Background The optimal way of using natriuretic peptides to enhance the diagnosis of AHF remains uncertain.
Methods Physician estimates of probability of AHF in 500 patients treated in the emergency department from the multicenter IMPROVE CHF (Improved Management of Patients With Congestive Heart Failure) trial recruited between December 2004 and December 2005 were classified into low (0% to 20%), intermediate (21% to 79%), or high (80% to 100%) probability for AHF and then compared with the blinded adjudicated AHF diagnosis. Likelihood ratios were calculated and multiple logistic regression incorporated covariates into an AHF prediction model that was validated internally by the use of bootstrapping and externally by applying the model to another 573 patients from the separate PRIDE (N-Terminal Pro-BNP Investigation of Dyspnea in the Emergency Department) study of the use of NT-proBNP in patients with dyspnea.
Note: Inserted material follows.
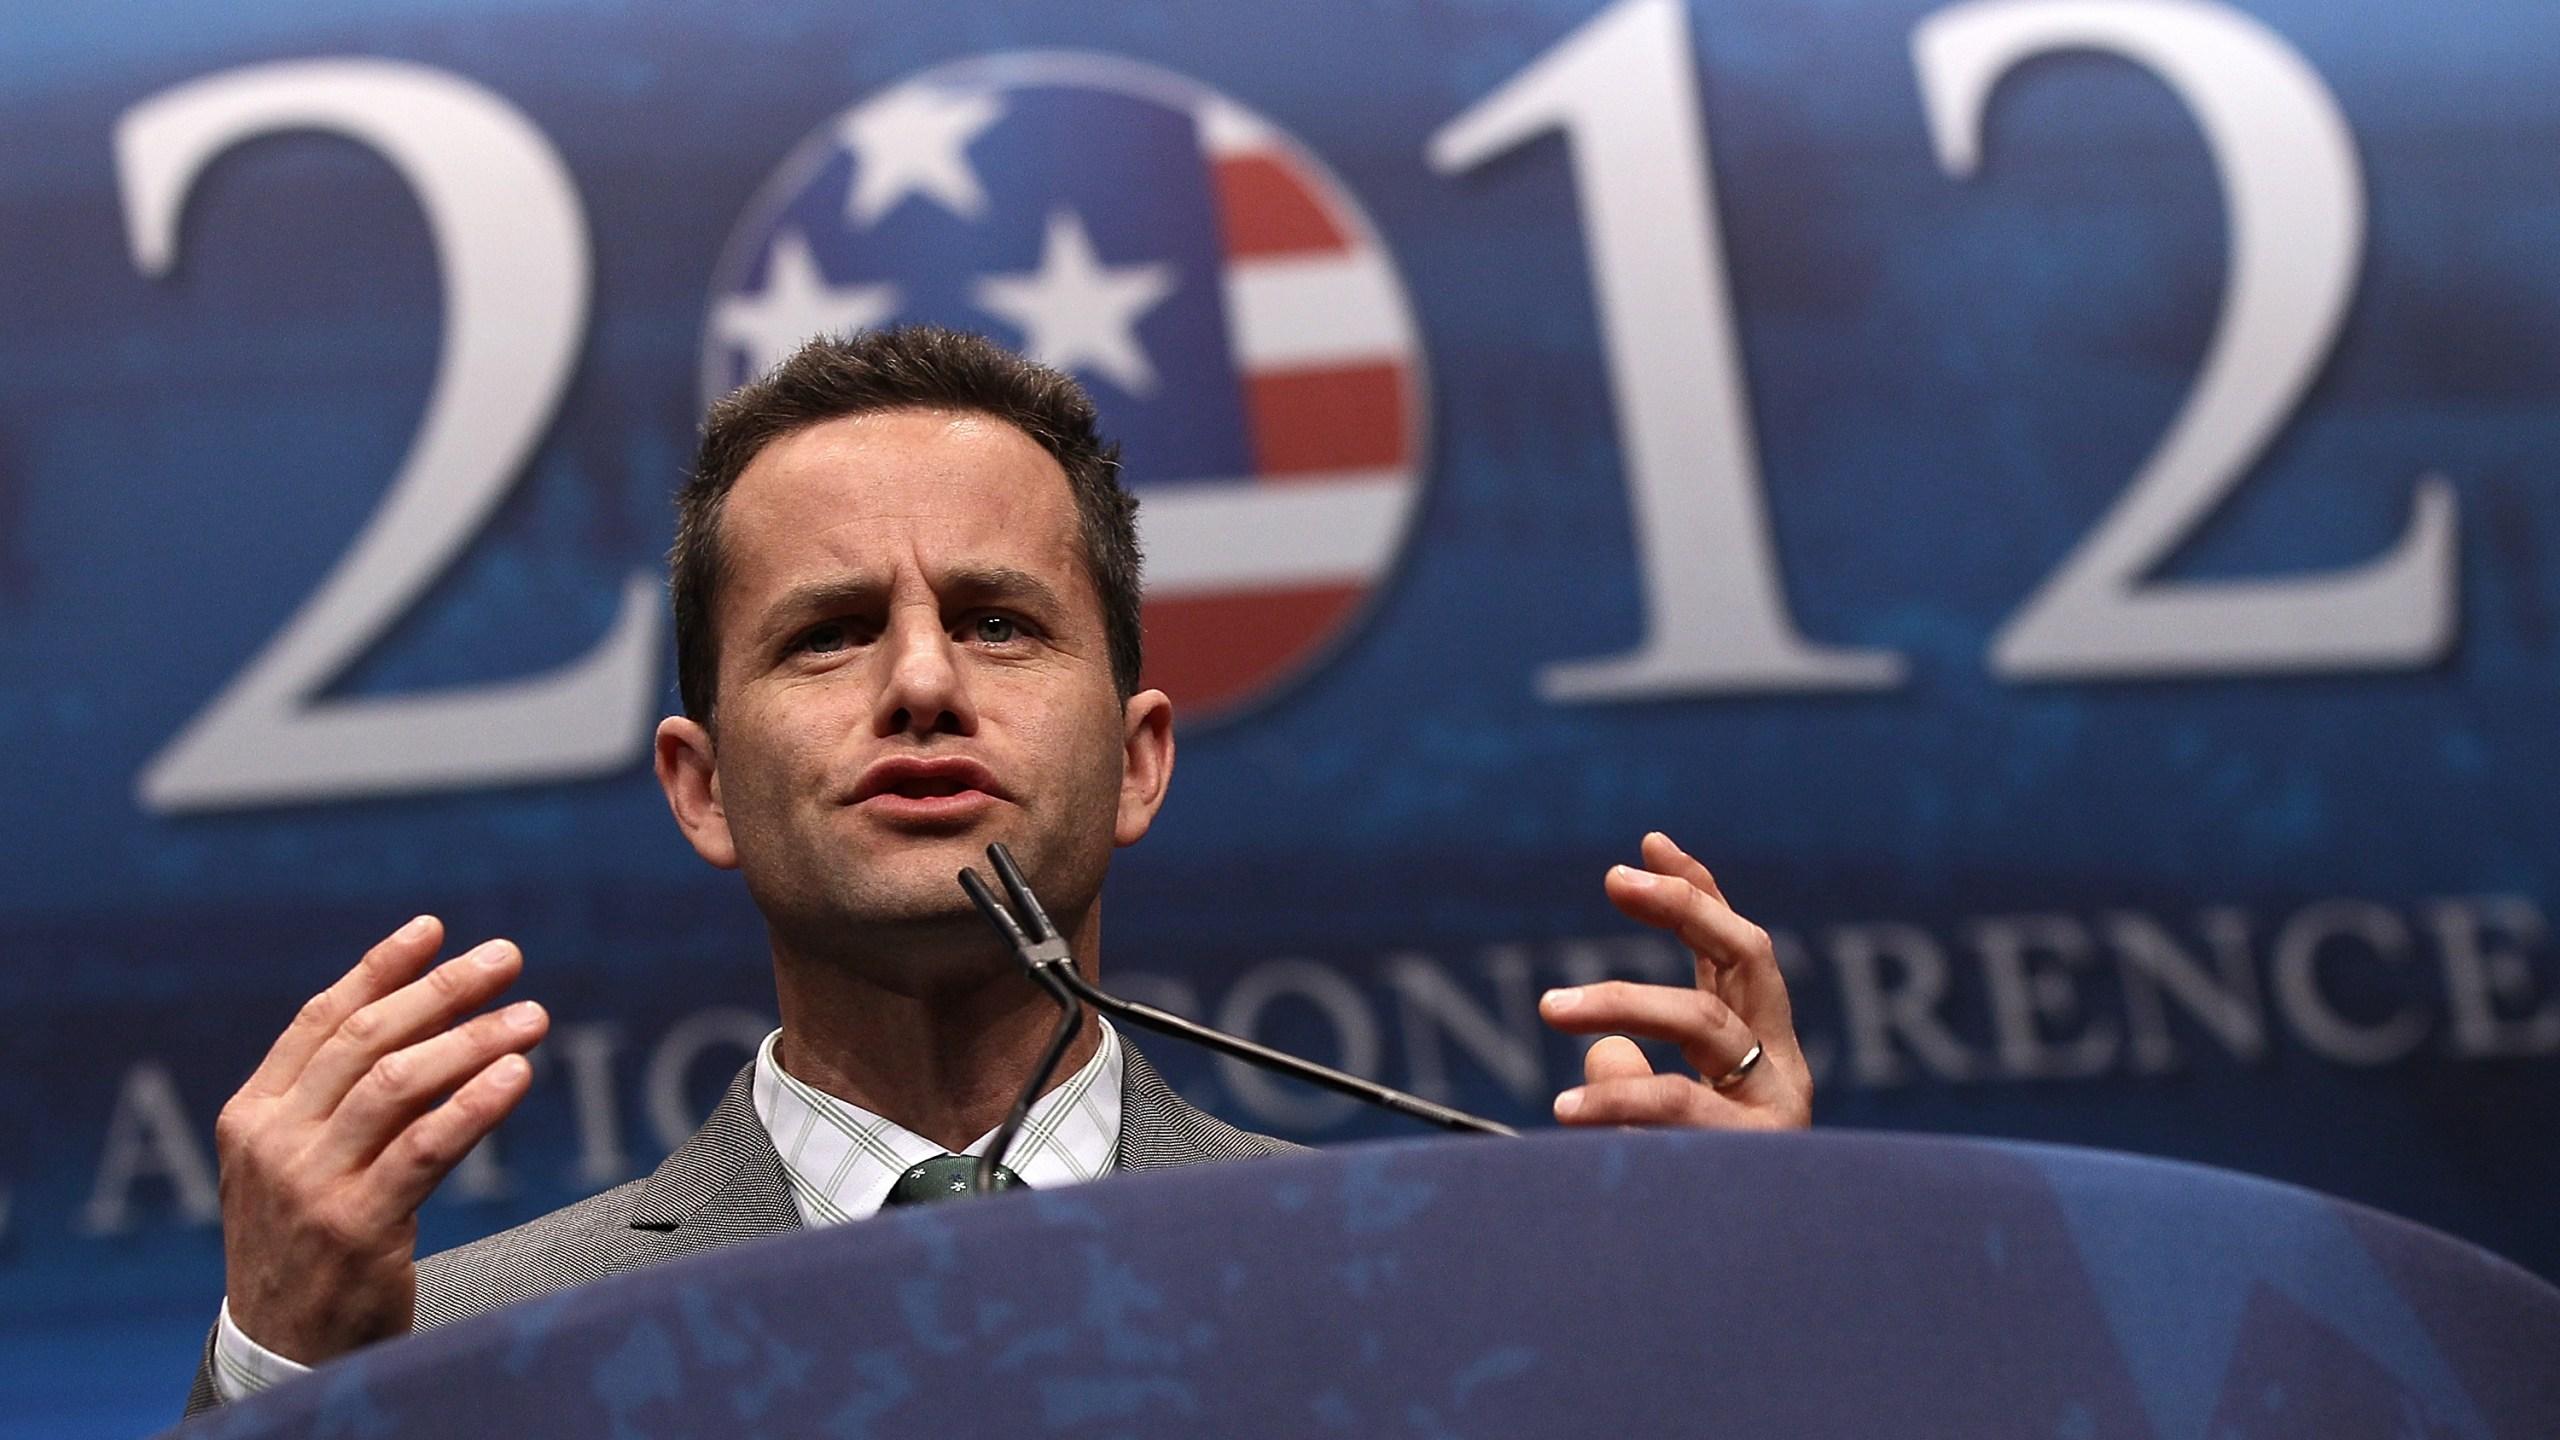 演员柯克-卡梅伦在2012年2月9日,n华盛顿特区的年度保守派政治行动会议上发言。(Win McNamee/Getty Images)(photo:KTLA)

Results Likelihood ratios for AHF with NT-proBNP were 0.11 (95% confidence interval [CI]: 0.06 to 0.19) for cut-point values <300 pg/ml; increasing to 3.43 (95% CI: 2.34 to 5.03) for values 2,700 to 8,099 pg/ml, and 12.80 (95% CI: 5.21 to 31.45) for values ≥8,100 pg/ml. Variables used to predict AHF were age, pre-test probability, and log NT-proBNP. When applied to the external data by use of its adjudicated final diagnosis as the gold standard, the model appropriately reclassified 44% of patients by intermediate clinical probability to either low or high probability of AHF with negligible (<2%) inappropriate redirection.
Conclusions A diagnostic prediction model for AHF that incorporates both clinical assessment and NT-proBNP has been derived and validated and has excellent diagnostic accuracy, especially in cases with indeterminate likelihood for AHF.
Heart failure has the second-highest disease burden for length of stay in hospitalized patients (1) and is rapidly becoming the most expensive disease to manage worldwide (2,3). Decompensation occurs frequently, and the emergency department (ED) setting is where most of these acute heart failure (AHF) patients present (4). Correct early diagnosis and treatment is essential to reduce the rate of morbidity and mortality, yet the accurate clinical diagnosis in this setting occurs <80% of the time (5).
Biomarkers have been used to assist in the diagnosis of AHF for the undifferentiated patient, with B-type natriuretic peptide (BNP) and N-terminal pro–B-type natriuretic peptide (NT-proBNP) being the 2 biomarkers most studied. When used as dichotomous variables with set positive/negative threshold values, the authors of prospective studies (6,7) have found good sensitivities but relatively lower positive predictive values for the disease and have demonstrated a benefit of combining their results with clinical judgment (8). When treated as categorical variables with negative, positive, and indeterminate ranges, results show modest improvement for diagnosing the disease (6–8).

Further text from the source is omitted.